Ensure `LEAD_REVIEW_STATE.md` is ignored. Commit the `.gitignore` change on the working branch at startup if needed.

## Hard Caps

- **No iteration cap** — once-through pipeline has structural termination. Each enabled sub-skill runs exactly once.
- **3 consecutive andon-cord triggers from the same sub-skill** — if the same sub-skill produces contested findings repeatedly (3+ in one invocation), pull the cord rather than trying to triage individually.
- **No file-touch or dependency-change budgets** — explicitly excluded per `references/autonomy.md` § "Risk budgets."

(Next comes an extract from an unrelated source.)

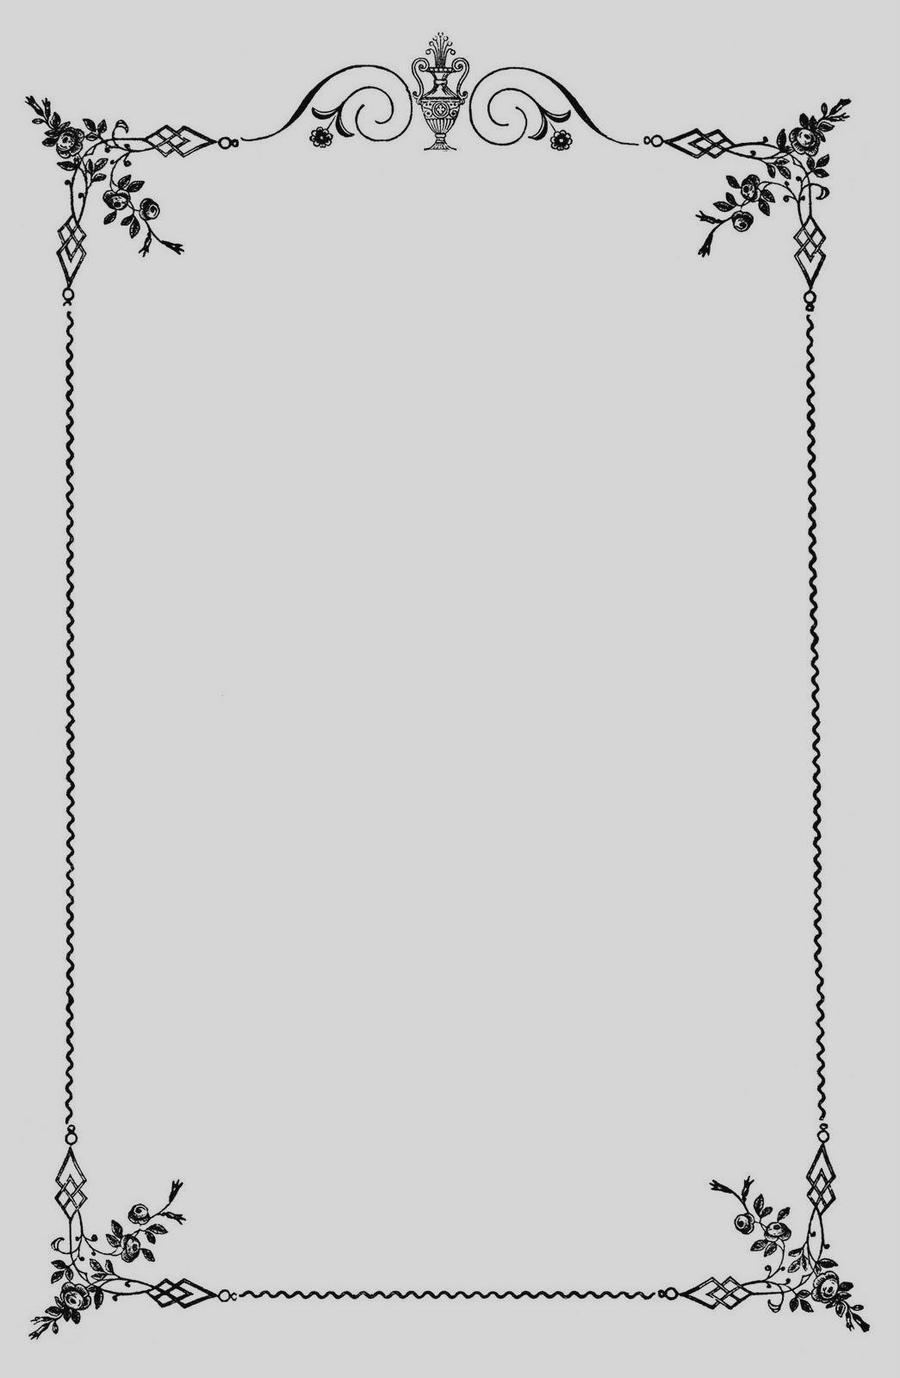 Download menu border clipart Borders and Frames Decorative.

## Integration with Other Skills

**Relationship to individual `/review-*` skills:**

`/lead-review` invokes the review sub-skills as its workhorses. Each sub-skill keeps its native contract — `/review-arch` performs noun analysis, `/review-security` runs the blue/red parallel-isolated audit, etc. The orchestration layer adds: scope passthrough from commander's intent, auto-approval or auto-decline of ticket proposals per startup choice, consolidated reporting, autonomous execution across the full pipeline.

Run individual `/review-*` skills directly when you want a single dimension audited; run `/lead-review` when you want comprehensive coverage unattended.

**Relationship to `/implement-project`:**

Natural composition: `/lead-review` (tickets ON) produces a comprehensive backlog → `/implement-project` works through the backlog. `/lead-review` is the planning half; `/implement-project` is the execution half.

**Relationship to `/lead-refactor`:**

`/lead-refactor` runs `/review-arch` internally (within Phase 2). Operators who want both can run `/lead-review` (broad audit with backlog) and then `/lead-refactor` (deep refactor sweep), but the architectural review will run twice. For efficiency: pick one based on goal — `/lead-review` for evaluation across all dimensions, `/lead-refactor` for change-oriented cleanup.

**Relationship to `/lead-bug-hunt`:**

Sibling orchestrator. `/lead-bug-hunt` is bug-elimination-specific; `/lead-review` is multi-dimensional review. Both follow the orchestrator-family contract (auto-approval of sub-skill tickets, severity floor, andon protocol).

**Relationship to `/lead-project`:**

`/lead-project` is the broadest orchestrator — it takes open-ended commander's intent and decides which skills to invoke. `/lead-project` may invoke `/lead-review` near the end of a run as a comprehensive validation pass, or invoke individual `/review-*` skills earlier when specific concerns arise.

**Out-of-axis skills:**

`/tidy-docs` is not in this skill's repertoire. It is a `/tidy-*` (mechanical mutations), not a `/review-*` (advisory). Including it would muddy `/lead-review`'s contract — operators in tickets-OFF mode expect "evaluation only, no tree mutations," and `/tidy-docs` would commit doc changes. Run `/tidy-docs` separately after `/lead-review` if you want doc tidying.

Other out-of-axis skills: `/scope-*`, `/test-mutation`, `/tidy-git`, `/bug-*`, `/refactor`, `/implement-*`. If your goal mixes review with implementation or refactoring, use `/lead-project` instead, or chain `/lead-review` with `/implement-project` / `/lead-refactor`.